On the Dynamical Behavior of Cellular Automata on Finite Groups

During the last few decades, significant efforts have been devoted to analyze the dynamical behavior of cellular automata (CAs) on cyclic groups, their Cartesian power (referred to as linear cellular automata), and on general abelian groups (referred to as additive cellular automata). Many fundamental properties describing the dynamical behavior of a system such as injectivity, surjectivity, sentitivity to the initial conditions, topological transitivity, ergodicity, positive expansivity, denseness of periodic orbits, and chaos have been fully characterized for these classes of cellular automata, i.e., the relation between the cellular automaton (CA) local rule and the CA global behavior was made explicit, being this task a challenging and important problem in CA general theory. A natural step forward leads to investigate the dynamical behavior of group cellular automata, i.e., cellular automata defined on (not necessarily abelian) finite groups.

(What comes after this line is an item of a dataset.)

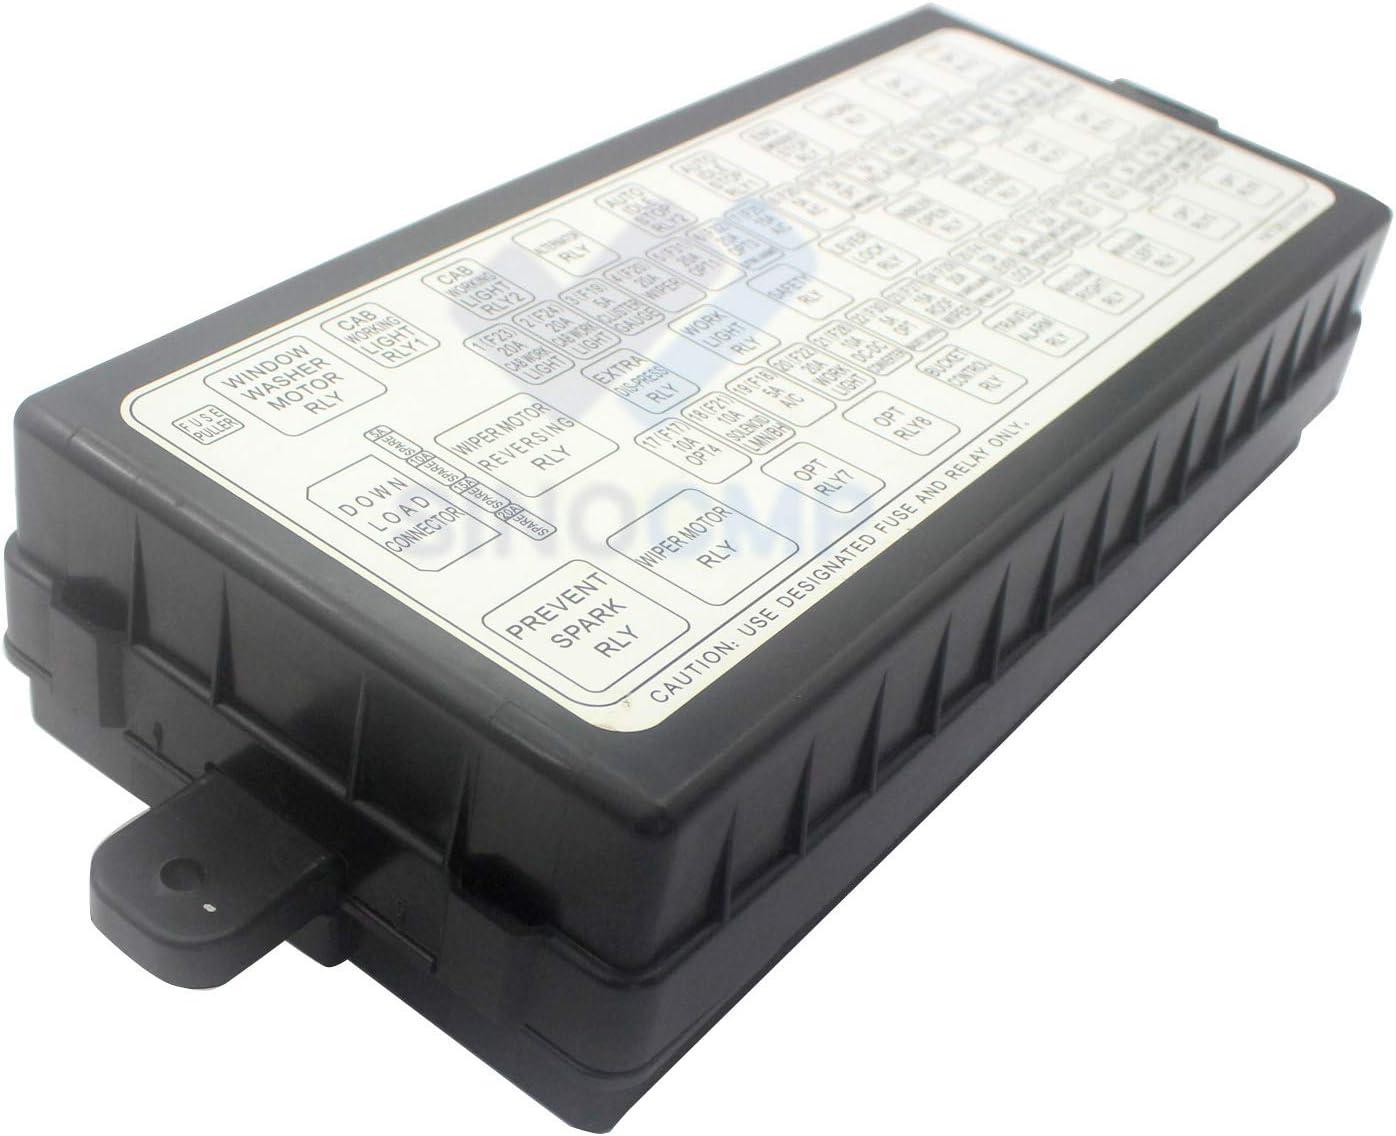 Amazon.com: YN24E00016F2 YY24E00008F2 Fuse Relay Box - SINOCMP Relay  Assembly Controller Monitor Fuse Relay Box for Kobelco SK200-8 SK230-8  SK210-8 SK250-8 SK350-8 Excavator Parts, 3 Month Warranty: AutomotiveAmazon.com

Despite the work recently carried out by some authors, none of the previously mentioned properties has yet been fully characterized in the case of general finite groups. In this paper, we study the dynamical behavior of cellular automata on a number of classes of finite groups such as simple, symmetric, alternating, dihedral, quaternion and decomposable groups and we provide exact characterizations for some of the above mentioned properties. To do this, in each of those classes, we focus our attention to the non-abelian scenarios. Some results are quite surprising because they show that the non-abelianness of the group imposes strong limitations on defining the local rule of the cellular automaton, making the class of group cellular automata very constrained. Finally, we also introduce a graph allowing one to build and study the local rules of any group cellular automaton.